Ingredients
- 1 cup quinoa
- ½ cup fresh cilantro
- 1 scallion
- 1–2 cloves garlic
- ¼ cup plant-based yogurt or olive oil
- Juice and zest of 2 limes
- ½ tsp coriander
- 1 tbsp white apple vinegar
- 1 tbsp maple syrup
- 1 (15 oz) can white beans
- ⅓ cup red onion
- ½ cucumber
Instructions
- Cook quinoa according to package instructions. Fluff with a fork and let cool.
- In a blender, combine cilantro, scallion, garlic, yogurt (or olive oil), lime juice and zest, coriander, vinegar, and maple syrup. Blend until smooth.
- In a large bowl, mix cooked quinoa, rinsed white beans, diced red onion, and chopped cucumber.
- Pour the dressing over the salad mixture and toss until well combined.

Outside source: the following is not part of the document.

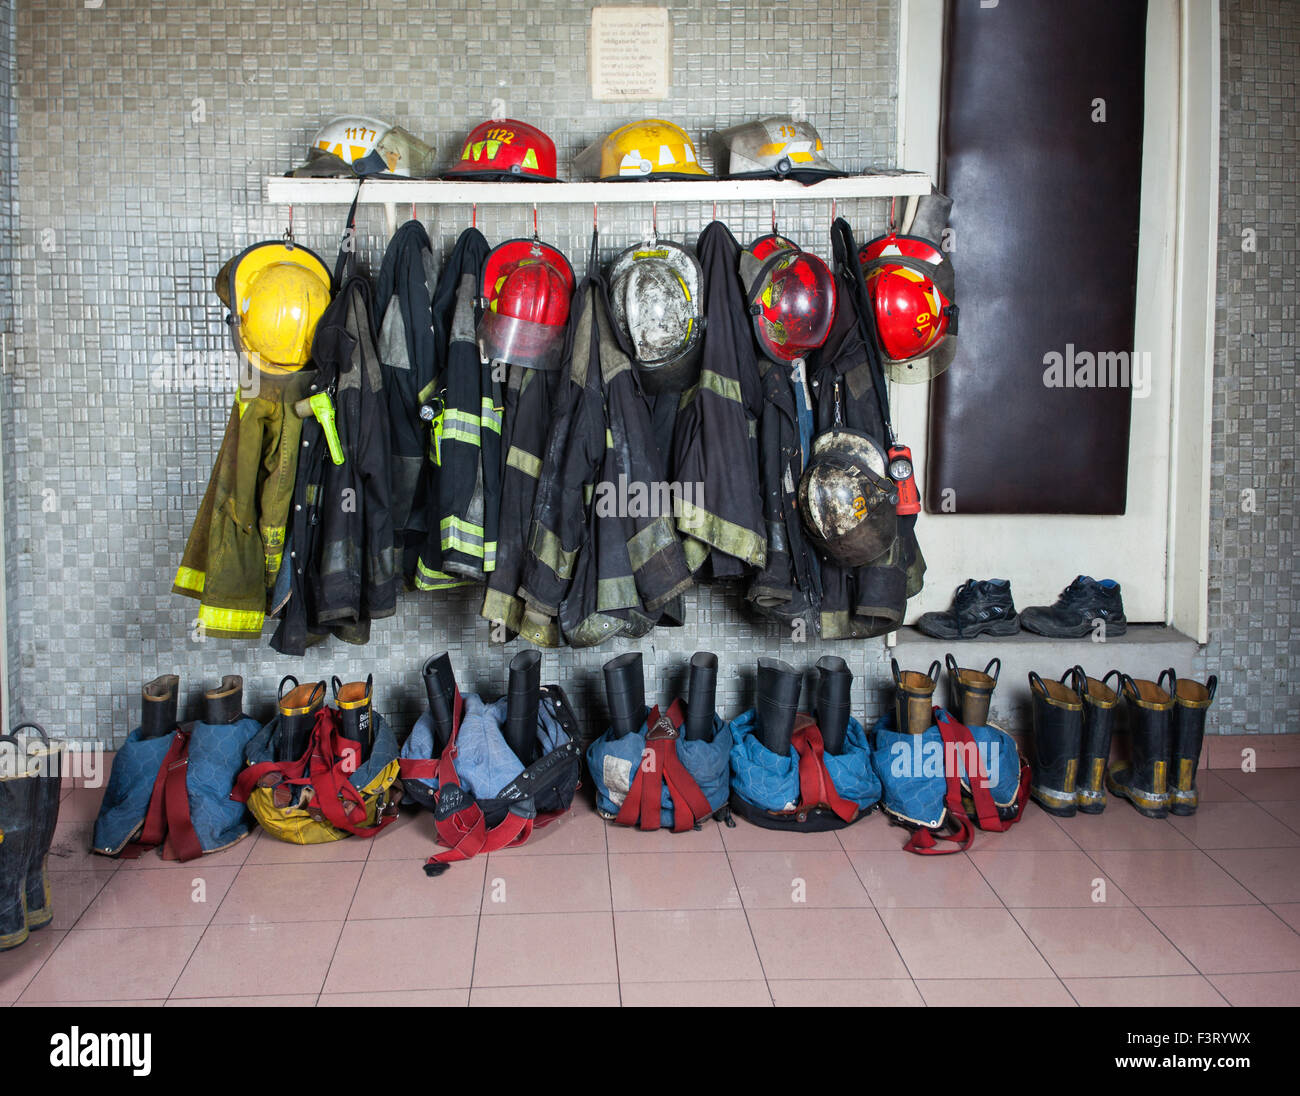 Firefighter Suits Arranged At Fire Station Stock Photo

- Adjust seasoning with salt and pepper if needed. Serve immediately or chill in the fridge for enhanced flavors.
- Prep Time: 10 minutes
- Cook Time: 15 minutes
- Category: Salad
- Method: Mixing
- Cuisine: Vegan
Nutrition
- Serving Size: 1 serving
- Calories: 220
- Sugar: 3g
- Sodium: 150mg
- Fat: 7g
- Saturated Fat: 1g
- Unsaturated Fat: 6g
- Trans Fat: 0g
- Carbohydrates: 35g
- Fiber: 8g
- Protein: 8g
- Cholesterol: 0mg
Keywords: For added crunch, consider tossing in some nuts or seeds. You can easily swap white beans for black beans or chickpeas for variety. If you prefer more heat, add diced jalapeños to the mix!